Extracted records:
■ ■ ■
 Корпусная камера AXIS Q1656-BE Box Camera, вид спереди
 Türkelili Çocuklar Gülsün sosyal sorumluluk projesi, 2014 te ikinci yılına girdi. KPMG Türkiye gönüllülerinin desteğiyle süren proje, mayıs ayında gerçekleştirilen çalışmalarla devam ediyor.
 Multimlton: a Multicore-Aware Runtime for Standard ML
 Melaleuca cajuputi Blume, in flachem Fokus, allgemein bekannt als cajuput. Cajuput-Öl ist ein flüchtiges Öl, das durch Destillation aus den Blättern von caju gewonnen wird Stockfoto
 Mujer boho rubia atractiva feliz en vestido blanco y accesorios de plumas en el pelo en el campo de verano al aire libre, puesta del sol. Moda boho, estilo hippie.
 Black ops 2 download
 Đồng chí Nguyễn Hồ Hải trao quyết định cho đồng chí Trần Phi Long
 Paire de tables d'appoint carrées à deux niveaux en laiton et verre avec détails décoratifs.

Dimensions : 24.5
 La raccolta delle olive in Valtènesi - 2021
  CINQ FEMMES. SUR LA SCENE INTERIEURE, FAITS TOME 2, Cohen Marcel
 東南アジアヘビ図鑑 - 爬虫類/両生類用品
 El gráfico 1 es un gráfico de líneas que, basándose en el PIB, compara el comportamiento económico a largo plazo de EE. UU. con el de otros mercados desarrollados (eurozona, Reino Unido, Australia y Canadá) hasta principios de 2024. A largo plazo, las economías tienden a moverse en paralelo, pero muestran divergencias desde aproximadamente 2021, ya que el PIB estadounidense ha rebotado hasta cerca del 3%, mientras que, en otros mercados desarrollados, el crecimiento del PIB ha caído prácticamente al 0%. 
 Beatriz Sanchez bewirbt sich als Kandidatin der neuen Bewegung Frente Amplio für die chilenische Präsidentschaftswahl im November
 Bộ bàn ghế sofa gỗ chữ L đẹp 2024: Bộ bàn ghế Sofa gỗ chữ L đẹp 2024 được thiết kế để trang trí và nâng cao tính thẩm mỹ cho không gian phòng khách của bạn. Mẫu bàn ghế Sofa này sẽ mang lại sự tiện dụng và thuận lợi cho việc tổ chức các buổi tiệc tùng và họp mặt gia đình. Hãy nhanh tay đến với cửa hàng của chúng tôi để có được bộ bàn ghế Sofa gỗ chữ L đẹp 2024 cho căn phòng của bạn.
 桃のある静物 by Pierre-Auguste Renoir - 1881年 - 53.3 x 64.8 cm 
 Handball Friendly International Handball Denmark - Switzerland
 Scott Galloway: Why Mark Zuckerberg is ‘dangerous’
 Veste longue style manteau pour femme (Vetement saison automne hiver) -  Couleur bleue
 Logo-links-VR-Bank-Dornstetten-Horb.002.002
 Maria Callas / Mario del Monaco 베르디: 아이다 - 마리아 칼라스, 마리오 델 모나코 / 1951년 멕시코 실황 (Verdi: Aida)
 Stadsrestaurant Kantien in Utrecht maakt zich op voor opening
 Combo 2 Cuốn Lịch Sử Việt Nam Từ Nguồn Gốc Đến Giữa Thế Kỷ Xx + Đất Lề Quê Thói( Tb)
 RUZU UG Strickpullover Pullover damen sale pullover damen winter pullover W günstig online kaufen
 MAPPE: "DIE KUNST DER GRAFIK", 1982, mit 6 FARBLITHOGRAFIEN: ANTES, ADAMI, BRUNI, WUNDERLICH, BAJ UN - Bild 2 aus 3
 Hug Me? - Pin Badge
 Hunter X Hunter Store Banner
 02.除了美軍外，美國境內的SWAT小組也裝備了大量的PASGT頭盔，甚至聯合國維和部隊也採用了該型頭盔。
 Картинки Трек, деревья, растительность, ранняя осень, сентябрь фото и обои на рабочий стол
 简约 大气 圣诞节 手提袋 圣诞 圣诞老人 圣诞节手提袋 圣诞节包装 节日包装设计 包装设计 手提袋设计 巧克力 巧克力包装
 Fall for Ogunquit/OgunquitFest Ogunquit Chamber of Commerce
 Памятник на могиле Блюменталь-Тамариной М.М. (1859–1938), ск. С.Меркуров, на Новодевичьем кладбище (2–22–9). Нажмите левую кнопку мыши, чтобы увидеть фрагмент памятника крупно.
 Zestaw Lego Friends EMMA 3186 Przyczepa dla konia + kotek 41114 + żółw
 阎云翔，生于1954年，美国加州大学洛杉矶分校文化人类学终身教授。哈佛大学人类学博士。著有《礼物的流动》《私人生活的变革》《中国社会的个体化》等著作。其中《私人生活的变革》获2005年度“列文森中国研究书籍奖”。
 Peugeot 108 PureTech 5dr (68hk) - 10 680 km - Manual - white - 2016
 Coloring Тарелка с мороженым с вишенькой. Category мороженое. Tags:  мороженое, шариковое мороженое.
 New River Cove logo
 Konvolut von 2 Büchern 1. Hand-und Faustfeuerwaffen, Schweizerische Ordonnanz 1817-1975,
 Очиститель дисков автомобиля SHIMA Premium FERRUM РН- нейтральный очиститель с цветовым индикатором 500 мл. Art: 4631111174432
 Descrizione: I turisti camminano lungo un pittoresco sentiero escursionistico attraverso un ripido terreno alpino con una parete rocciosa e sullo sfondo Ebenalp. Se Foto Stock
■ ■ ■
_Work request_: A verbatim copy of all the records is required. Write it out in full.

_Exercise solution_:
 Корпусная камера AXIS Q1656-BE Box Camera, вид спереди
 Türkelili Çocuklar Gülsün sosyal sorumluluk projesi, 2014 te ikinci yılına girdi. KPMG Türkiye gönüllülerinin desteğiyle süren proje, mayıs ayında gerçekleştirilen çalışmalarla devam ediyor.
 Multimlton: a Multicore-Aware Runtime for Standard ML
 Melaleuca cajuputi Blume, in flachem Fokus, allgemein bekannt als cajuput. Cajuput-Öl ist ein flüchtiges Öl, das durch Destillation aus den Blättern von caju gewonnen wird Stockfoto
 Mujer boho rubia atractiva feliz en vestido blanco y accesorios de plumas en el pelo en el campo de verano al aire libre, puesta del sol. Moda boho, estilo hippie.
 Black ops 2 download
 Đồng chí Nguyễn Hồ Hải trao quyết định cho đồng chí Trần Phi Long
 Paire de tables d'appoint carrées à deux niveaux en laiton et verre avec détails décoratifs.

Dimensions : 24.5
 La raccolta delle olive in Valtènesi - 2021
  CINQ FEMMES. SUR LA SCENE INTERIEURE, FAITS TOME 2, Cohen Marcel
 東南アジアヘビ図鑑 - 爬虫類/両生類用品
 El gráfico 1 es un gráfico de líneas que, basándose en el PIB, compara el comportamiento económico a largo plazo de EE. UU. con el de otros mercados desarrollados (eurozona, Reino Unido, Australia y Canadá) hasta principios de 2024. A largo plazo, las economías tienden a moverse en paralelo, pero muestran divergencias desde aproximadamente 2021, ya que el PIB estadounidense ha rebotado hasta cerca del 3%, mientras que, en otros mercados desarrollados, el crecimiento del PIB ha caído prácticamente al 0%. 
 Beatriz Sanchez bewirbt sich als Kandidatin der neuen Bewegung Frente Amplio für die chilenische Präsidentschaftswahl im November
 Bộ bàn ghế sofa gỗ chữ L đẹp 2024: Bộ bàn ghế Sofa gỗ chữ L đẹp 2024 được thiết kế để trang trí và nâng cao tính thẩm mỹ cho không gian phòng khách của bạn. Mẫu bàn ghế Sofa này sẽ mang lại sự tiện dụng và thuận lợi cho việc tổ chức các buổi tiệc tùng và họp mặt gia đình. Hãy nhanh tay đến với cửa hàng của chúng tôi để có được bộ bàn ghế Sofa gỗ chữ L đẹp 2024 cho căn phòng của bạn.
 桃のある静物 by Pierre-Auguste Renoir - 1881年 - 53.3 x 64.8 cm 
 Handball Friendly International Handball Denmark - Switzerland
 Scott Galloway: Why Mark Zuckerberg is ‘dangerous’
 Veste longue style manteau pour femme (Vetement saison automne hiver) -  Couleur bleue
 Logo-links-VR-Bank-Dornstetten-Horb.002.002
 Maria Callas / Mario del Monaco 베르디: 아이다 - 마리아 칼라스, 마리오 델 모나코 / 1951년 멕시코 실황 (Verdi: Aida)
 Stadsrestaurant Kantien in Utrecht maakt zich op voor opening
 Combo 2 Cuốn Lịch Sử Việt Nam Từ Nguồn Gốc Đến Giữa Thế Kỷ Xx + Đất Lề Quê Thói( Tb)
 RUZU UG Strickpullover Pullover damen sale pullover damen winter pullover W günstig online kaufen
 MAPPE: "DIE KUNST DER GRAFIK", 1982, mit 6 FARBLITHOGRAFIEN: ANTES, ADAMI, BRUNI, WUNDERLICH, BAJ UN - Bild 2 aus 3
 Hug Me? - Pin Badge
 Hunter X Hunter Store Banner
 02.除了美軍外，美國境內的SWAT小組也裝備了大量的PASGT頭盔，甚至聯合國維和部隊也採用了該型頭盔。
 Картинки Трек, деревья, растительность, ранняя осень, сентябрь фото и обои на рабочий стол
 简约 大气 圣诞节 手提袋 圣诞 圣诞老人 圣诞节手提袋 圣诞节包装 节日包装设计 包装设计 手提袋设计 巧克力 巧克力包装
 Fall for Ogunquit/OgunquitFest Ogunquit Chamber of Commerce
 Памятник на могиле Блюменталь-Тамариной М.М. (1859–1938), ск. С.Меркуров, на Новодевичьем кладбище (2–22–9). Нажмите левую кнопку мыши, чтобы увидеть фрагмент памятника крупно.
 Zestaw Lego Friends EMMA 3186 Przyczepa dla konia + kotek 41114 + żółw
 阎云翔，生于1954年，美国加州大学洛杉矶分校文化人类学终身教授。哈佛大学人类学博士。著有《礼物的流动》《私人生活的变革》《中国社会的个体化》等著作。其中《私人生活的变革》获2005年度“列文森中国研究书籍奖”。
 Peugeot 108 PureTech 5dr (68hk) - 10 680 km - Manual - white - 2016
 Coloring Тарелка с мороженым с вишенькой. Category мороженое. Tags:  мороженое, шариковое мороженое.
 New River Cove logo
 Konvolut von 2 Büchern 1. Hand-und Faustfeuerwaffen, Schweizerische Ordonnanz 1817-1975,
 Очиститель дисков автомобиля SHIMA Premium FERRUM РН- нейтральный очиститель с цветовым индикатором 500 мл. Art: 4631111174432
 Descrizione: I turisti camminano lungo un pittoresco sentiero escursionistico attraverso un ripido terreno alpino con una parete rocciosa e sullo sfondo Ebenalp. Se Foto Stock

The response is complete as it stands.